Nearly all species that we have domesticated will suffer ridiculous drops in
their population. Many of them would be reduced to severely reduced niches.
For example, domestic cats would have their ranges limited by winter, and have
downward pressure applied from larger predators as they rebound. On the other
hand, based on how well feral pigs are doing right now, pigs will probably
make it huge.

------
akkartik
There was a book about this a few years ago: [http://www.amazon.com/The-World-
Without-Alan-Weisman/dp/0312...](http://www.amazon.com/The-World-Without-Alan-
Weisman/dp/0312427905)

------
frm1001xplrr
"Life after People" describes this exact scenario over 20 episodes.

From
[http://en.wikipedia.org/wiki/Life_After_People](http://en.wikipedia.org/wiki/Life_After_People):
Life After People is a television series on which scientists, structural
engineers, and other experts speculate about what might become of Earth should
humanity instantly disappear. The featured experts also talk about the impact
of human absence on the environment and the vestiges of civilization thus left
behind.

------
Houshalter
Disastrous. Thousands of container ships drop their cargo into the ocean. Oil
platforms corrode and begin to leak uncontrolled. So do chemical plants all
over the world. Nuclear power plants meltdown. Huge fires in cities all over
the world burn uncontrolled, releasing tons of ash into the atmosphere in a
short time period.

In the long term, invasive species we've already introduced take over.
Domestic animals like cats and dogs will kill off most the wildlife before
starving to death.

------
andreasvc
[https://en.wikipedia.org/wiki/The_World_Without_Us](https://en.wikipedia.org/wiki/The_World_Without_Us)

------
lynfogeek
I just saw this video earlier today:
[http://www.dailymotion.com/video/x276y8d_et-si-l-humanite-
di...](http://www.dailymotion.com/video/x276y8d_et-si-l-humanite-
disparaissait-de-la-terre-que-se-passerait-il_news)

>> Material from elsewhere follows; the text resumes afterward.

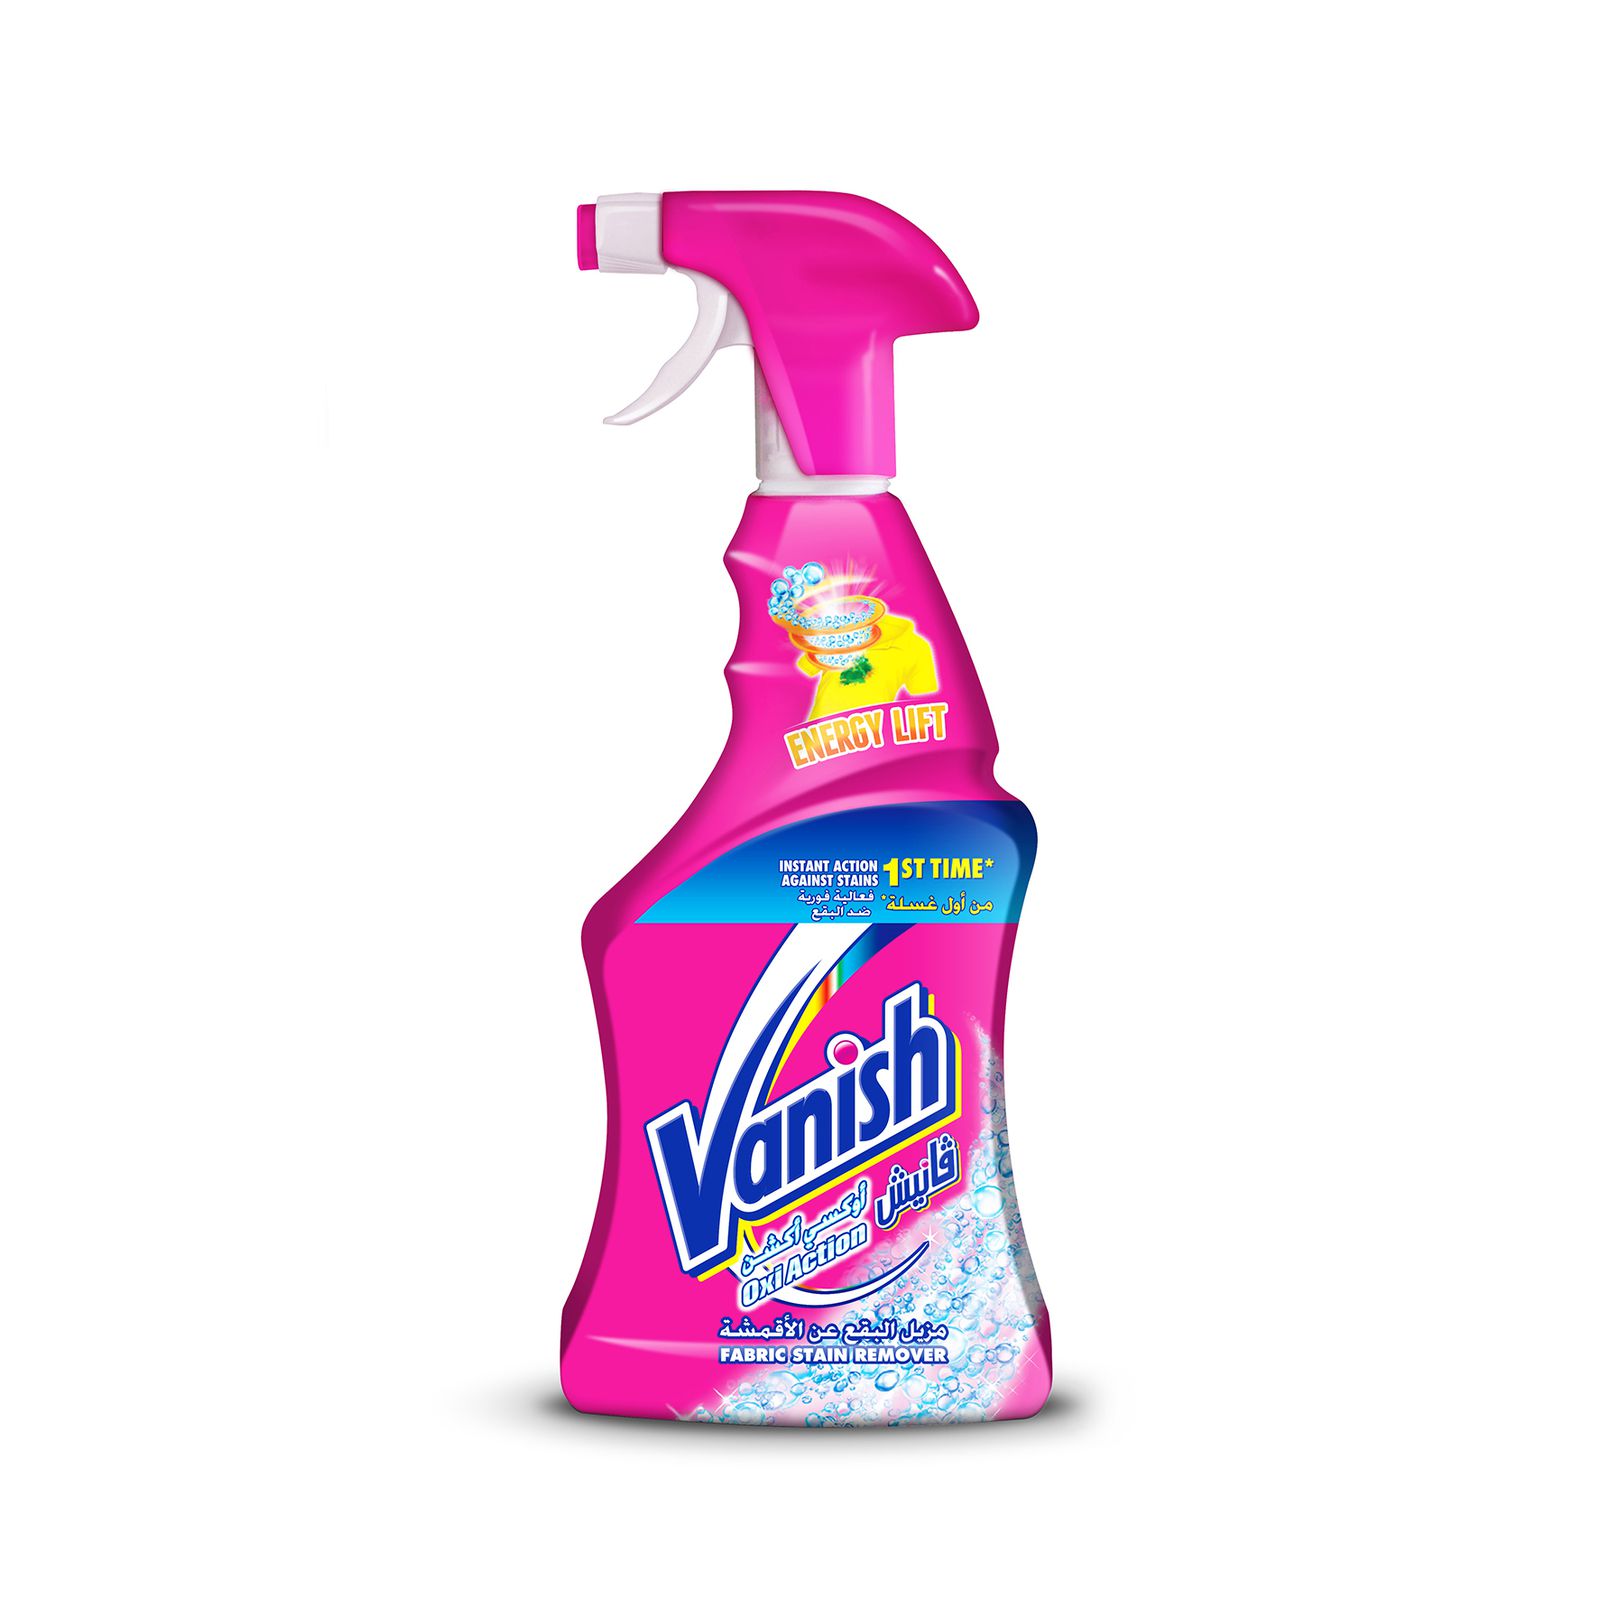 Vanish Products

It makes me realize that temperature would slightly go down since we won't
heat and pollute our planet anymore!

------
acd
If humans would to perish. Animals threatened of extinction such as the
Tigers, rhinos would be saved. World fish populations and sharks would be
restored. Rain forests would be saved. The air quality of the earth would be
cleaner. Global warming would stop.

In short human sucks for most other species on earth as we behave now.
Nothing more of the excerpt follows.